● **Activity**
Word-for-word transcription: reproduce all of the data, but not the pictures.
═════ Recorded data
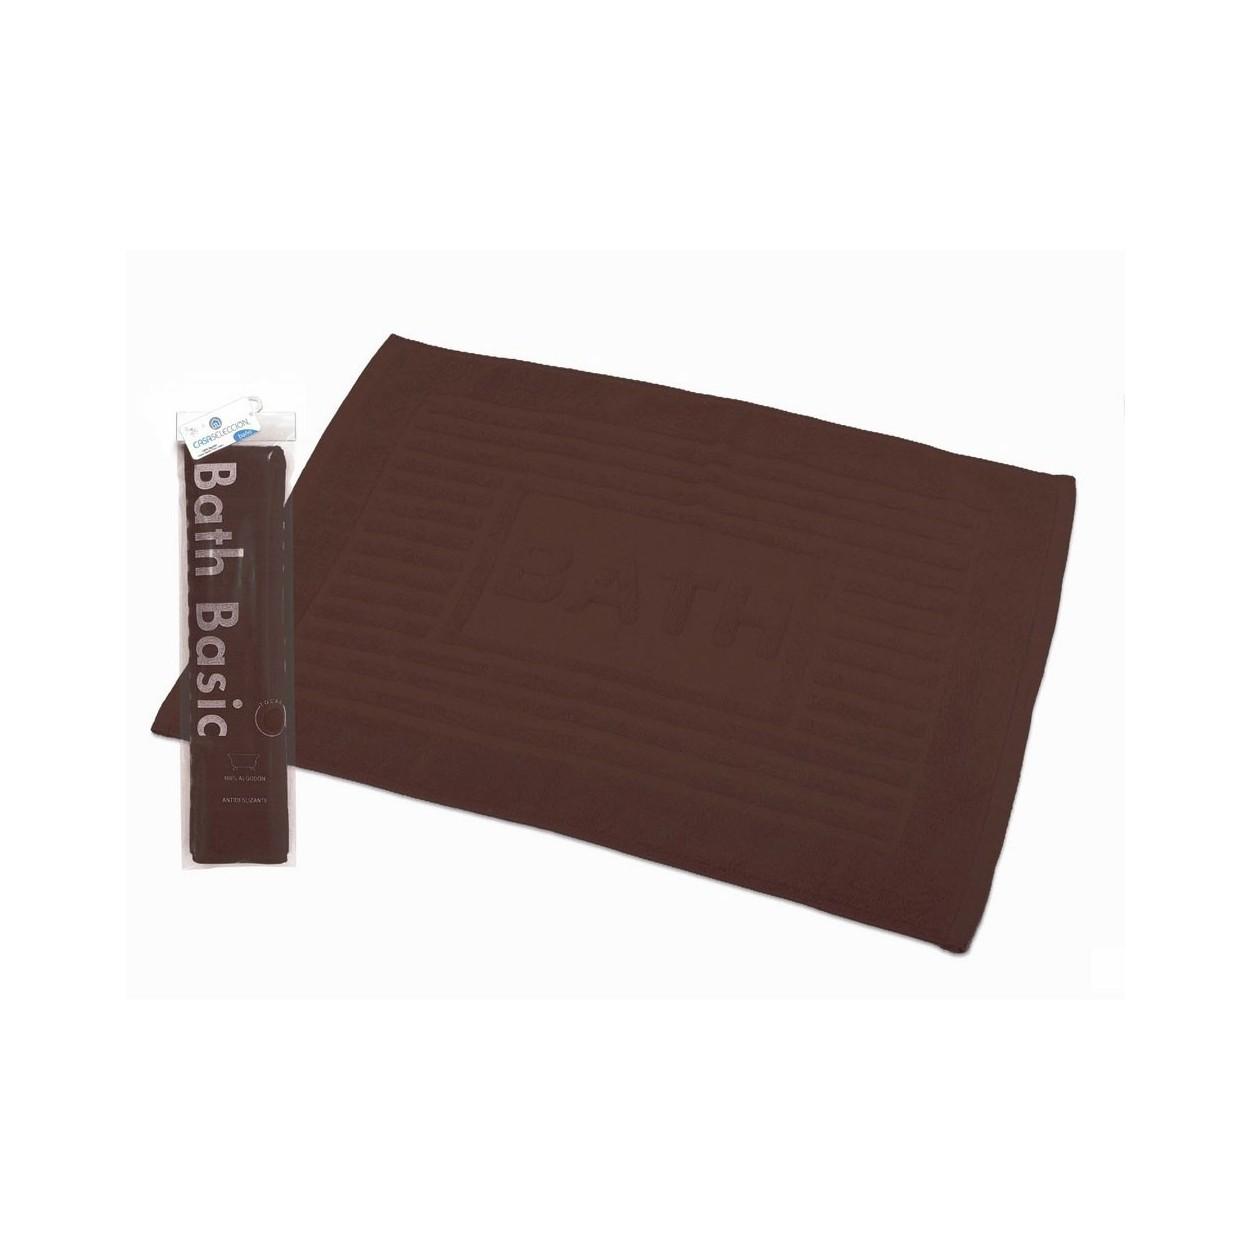 Alfombra para ba o rectangular de algod n y rizo - Pared marron chocolate ...
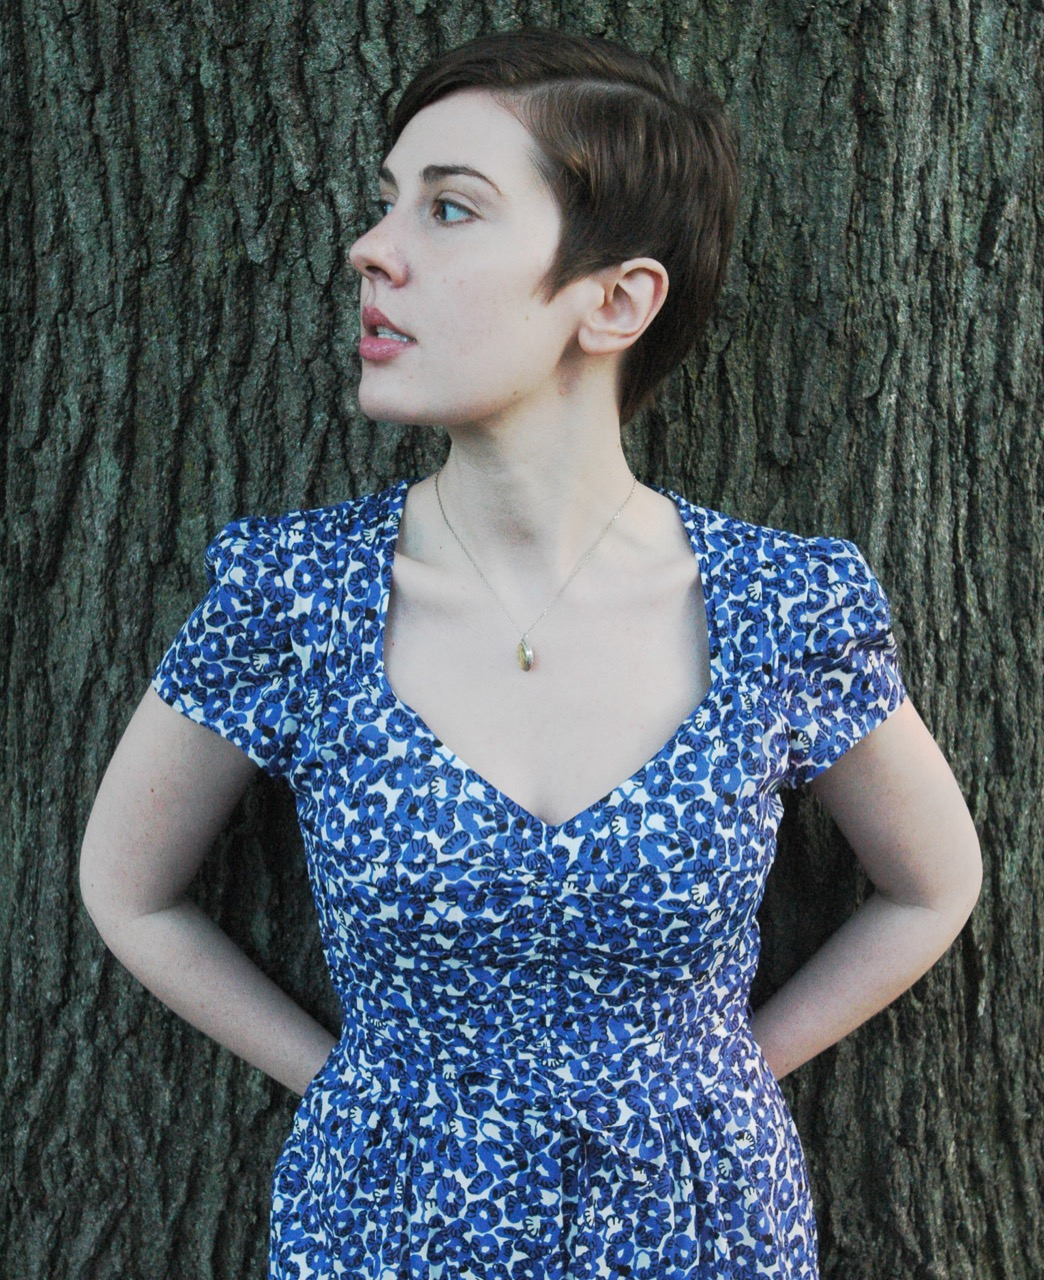 Patricia Lockwood Author Photo (c) Grep Hoax
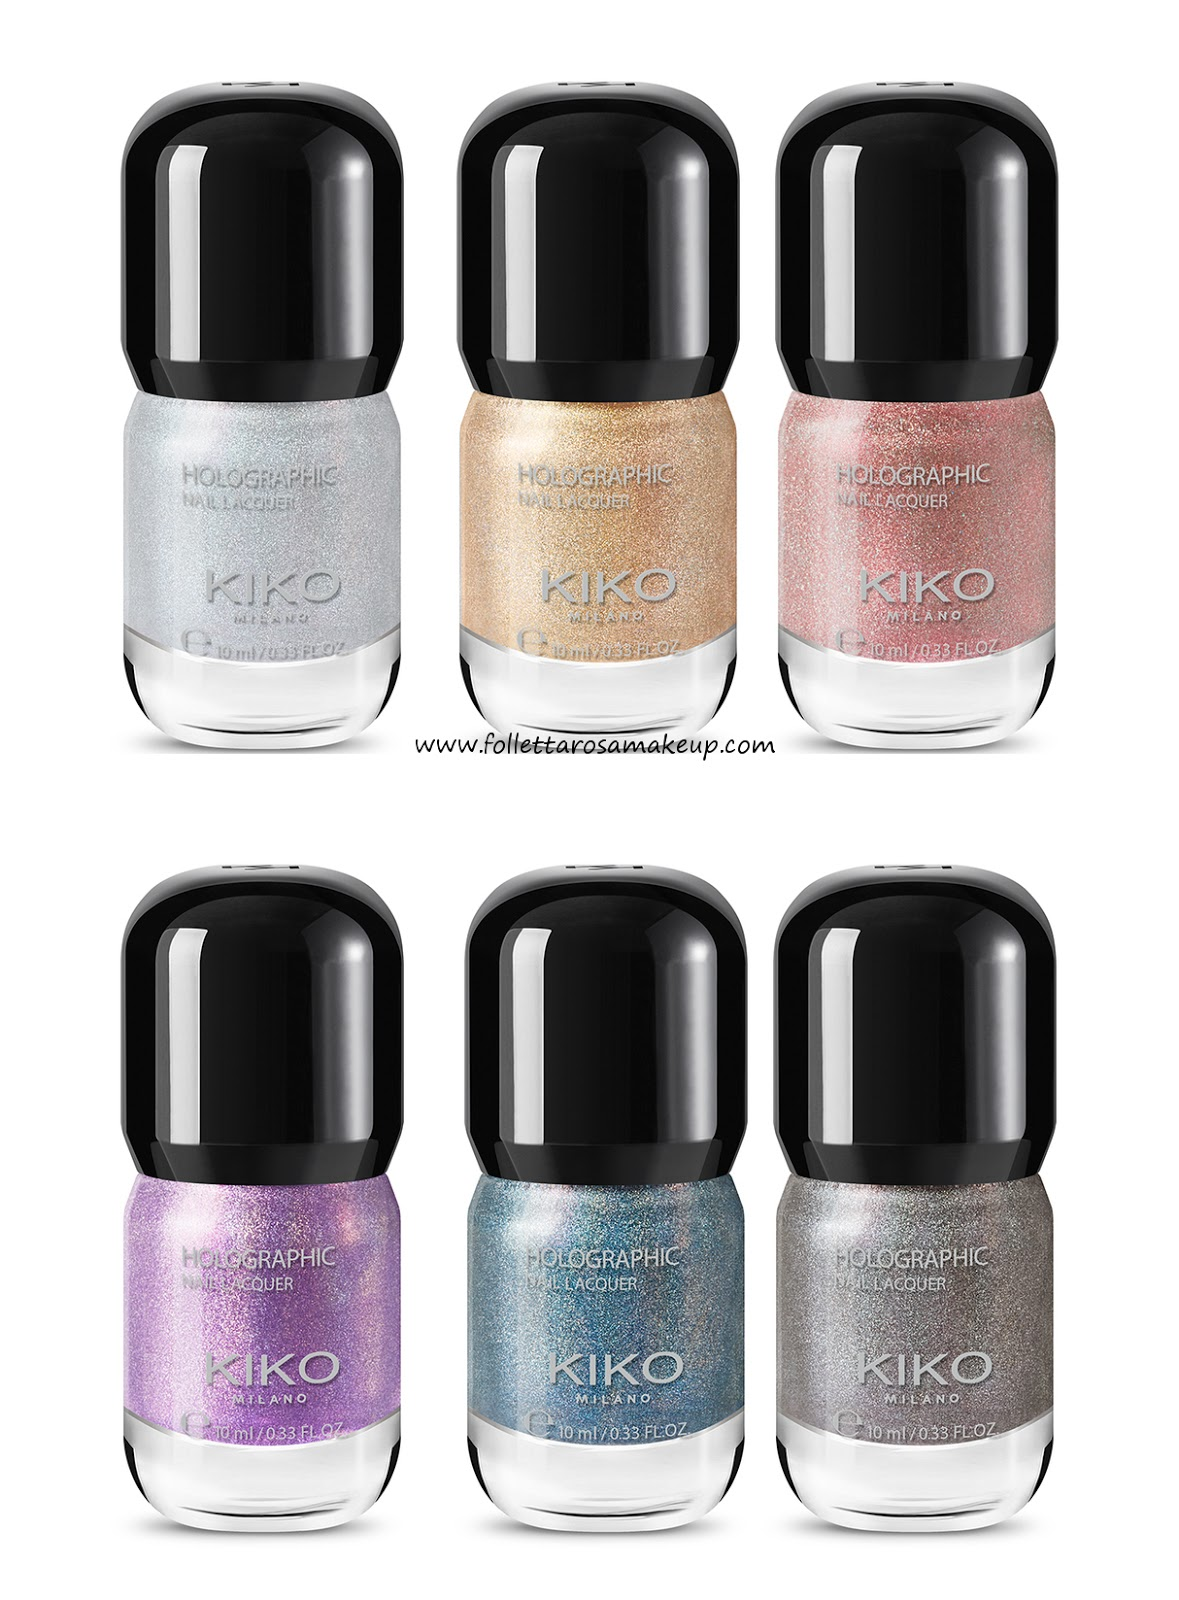 kiko-holographic-nail-lacquer
══════════
● **Answer**
 Alfombra para ba o rectangular de algod n y rizo - Pared marron chocolate ...
 Patricia Lockwood Author Photo (c) Grep Hoax
 kiko-holographic-nail-lacquer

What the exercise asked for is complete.